Dennis Godby, ND

Your stomach needs acid for body to function properly

The word “hypochlorhydria” does not even appear in standard conventional medical dictionaries.

However, if you or a loved one experiences: frequent after meal abdominal bloating, gas, “heartburn,” indigestion and belching; weak fingernails; hair loss or thin, brittle hair; dry or weak skin; or a sense of rapid aging, please keep reading about a condition, not well-known in conventional medicine – low hydrochloric acid in the stomach.

The clinical experience of naturopathic medical doctors (NMDs) suggests that over one-half of the over-50 age group is hypochlorhydric.

Hydrochloric acid (HCl) is so critically important for digestion and our physiology that a reduction of HCl production has a profound effect on the body.

Stomach HCl is needed to digest dietary protein; it converts pepsinogen into a potent enzyme called pepsin, the only protein-digesting enzyme in the stomach.  Pepsin is most effective in a very acidic environment of a pH 2.

Fat and carbohydrate absorption also relies on stomach acid.  HCl is critical in the process of triggering the pancreas to produce fat-digesting enzymes (lipase), protein-digesting enzymes (protease), and carbohydrates (amylase).

HCl also keeps the stomach sterile, preventing bacterial and yeast overgrowth (candida).  Stomach acid is needed to properly absorb micronutrients.
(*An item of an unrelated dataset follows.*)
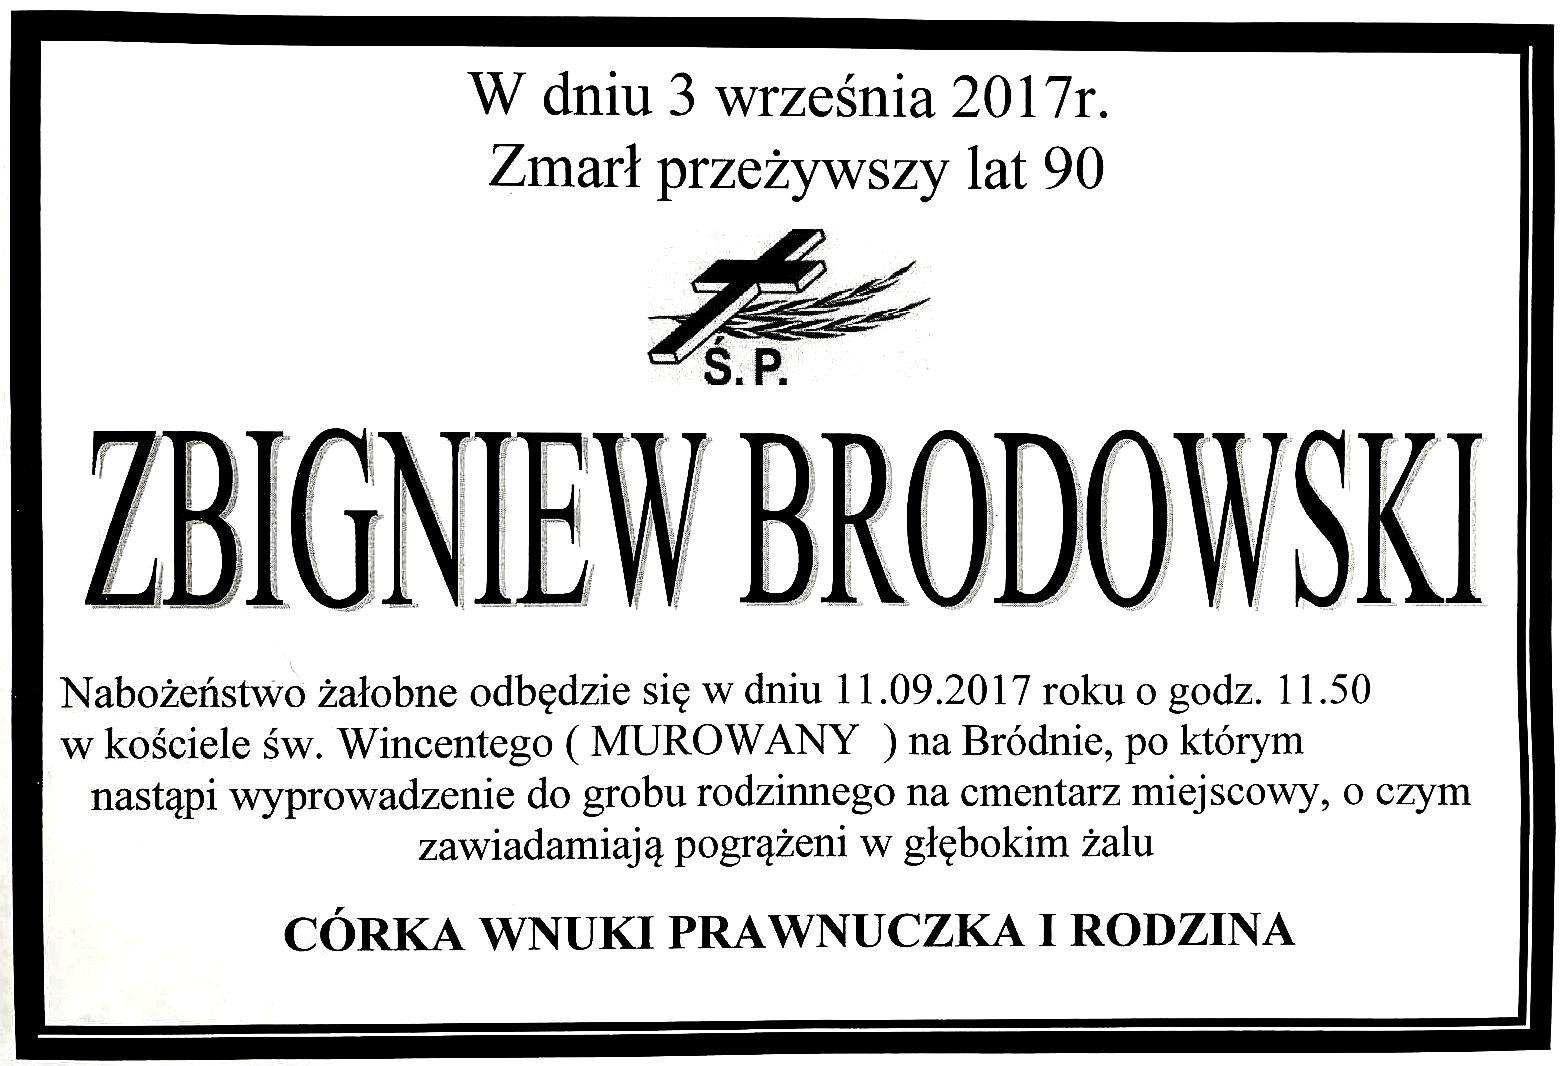 nekrolog Zbigniew Brodowski
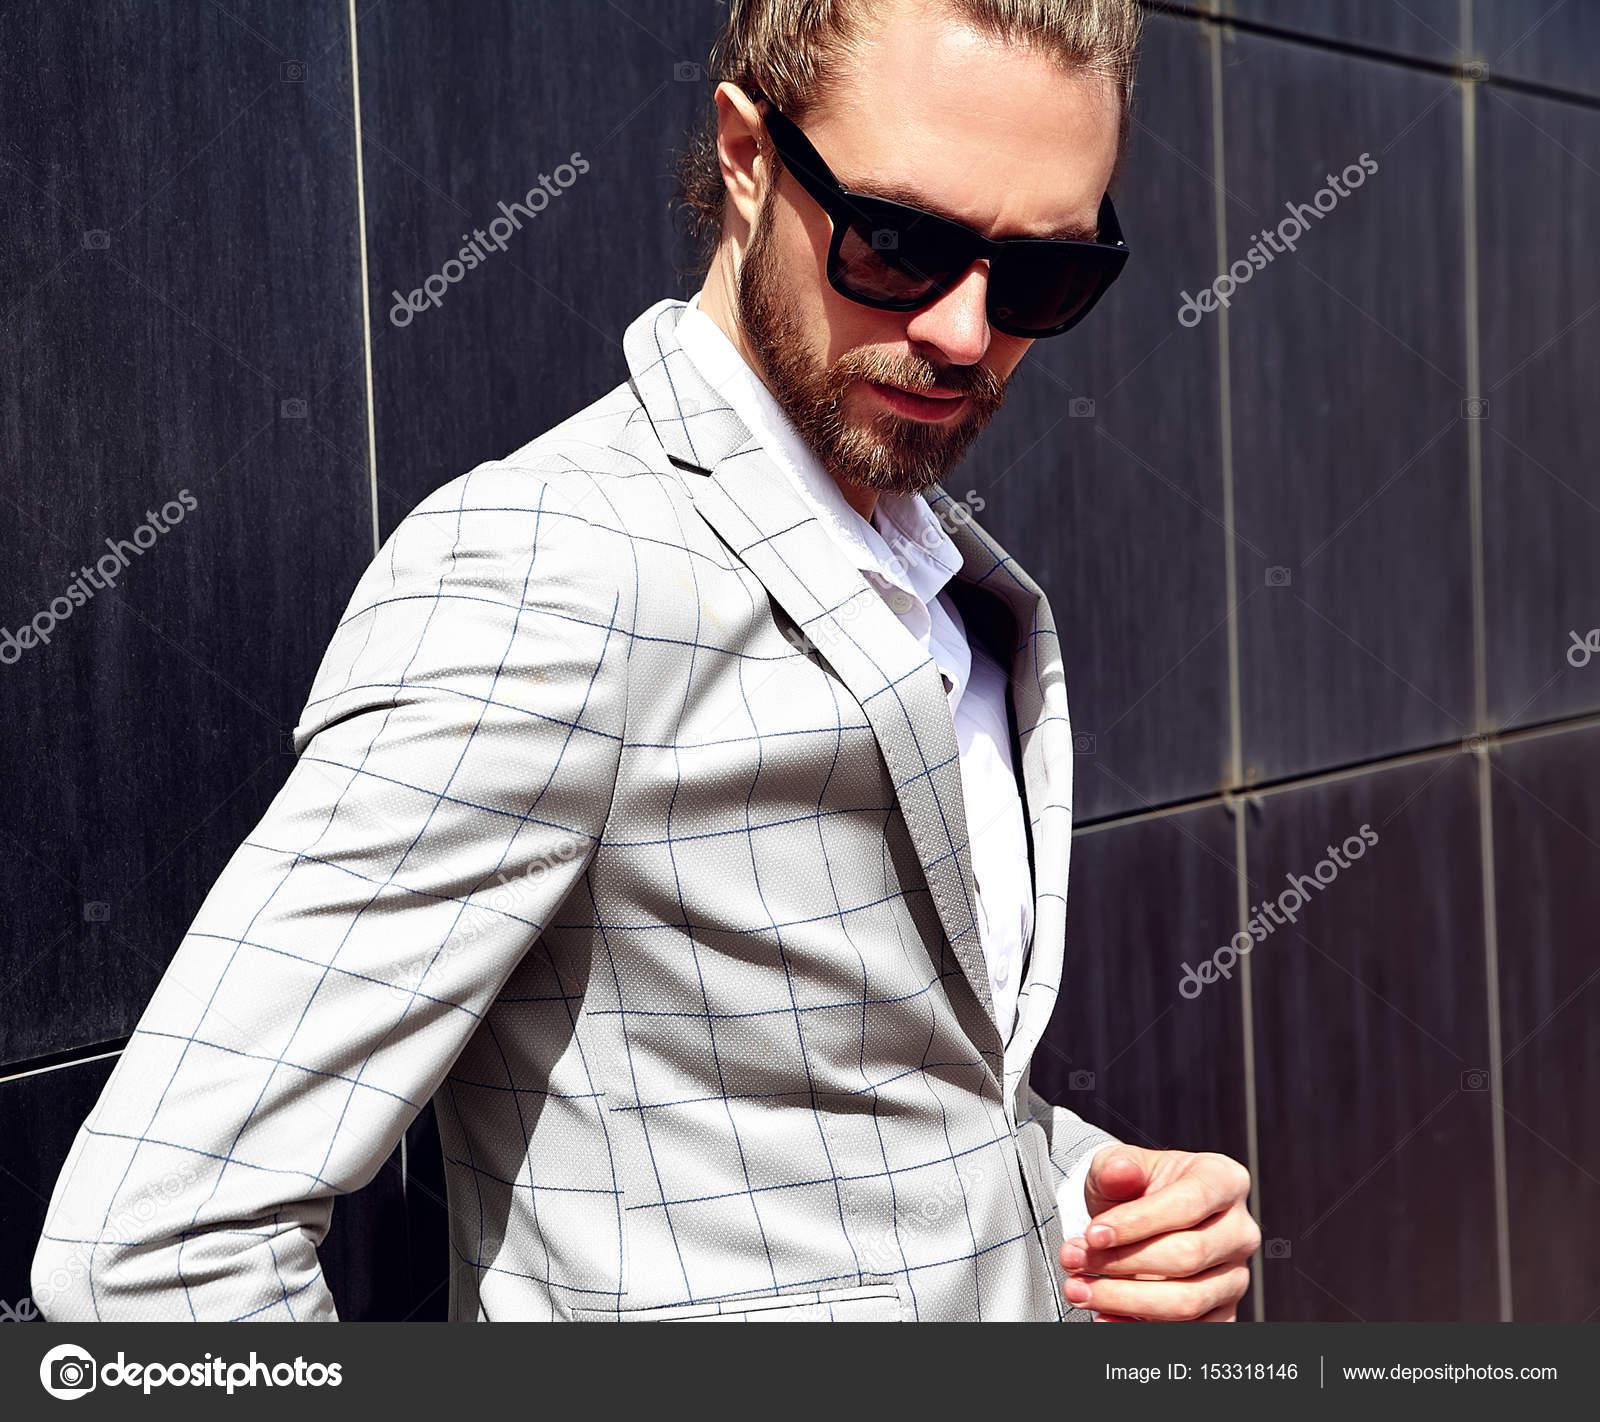 8d9f7db504e03 Zarif beyaz kareli takım elbise giymiş seksi yakışıklı moda erkek model  adam portresi — alexhalay - Fotoğraf

According to Dr. Dicken Weatherby, low HCl in the stomach can lead to improper digestion, pancreatic insufficiency, B12 deficiency and ulcers.

Bacterial overgrowth in the digestive tract (dysbiosis) is another problem.  A tendency to feel full for a long time after meals, or feel like food just sits in the stomach can develop, along with bad breath, frequent constipation and/or diarrhea.

The condition can come from aging, overconsumption of carbohydrates (especially refined), prescription drugs, low estrogen levels, stress or
thiamine and zinc deficiency.

Many serious conditions are related to hypochlorhydria, such as: adrenal exhaustion, anemia, autoimmune diseases (such as rheumatoid arthritis and lupus), childhood asthma, food allergies, gall bladder disease, irritable bowel syndrome, osteoporosis, skin diseases, thyroid and vertigo.

Many other conditions can also cause these above conditions and it is important to consult a health professional for a proper diagnosis.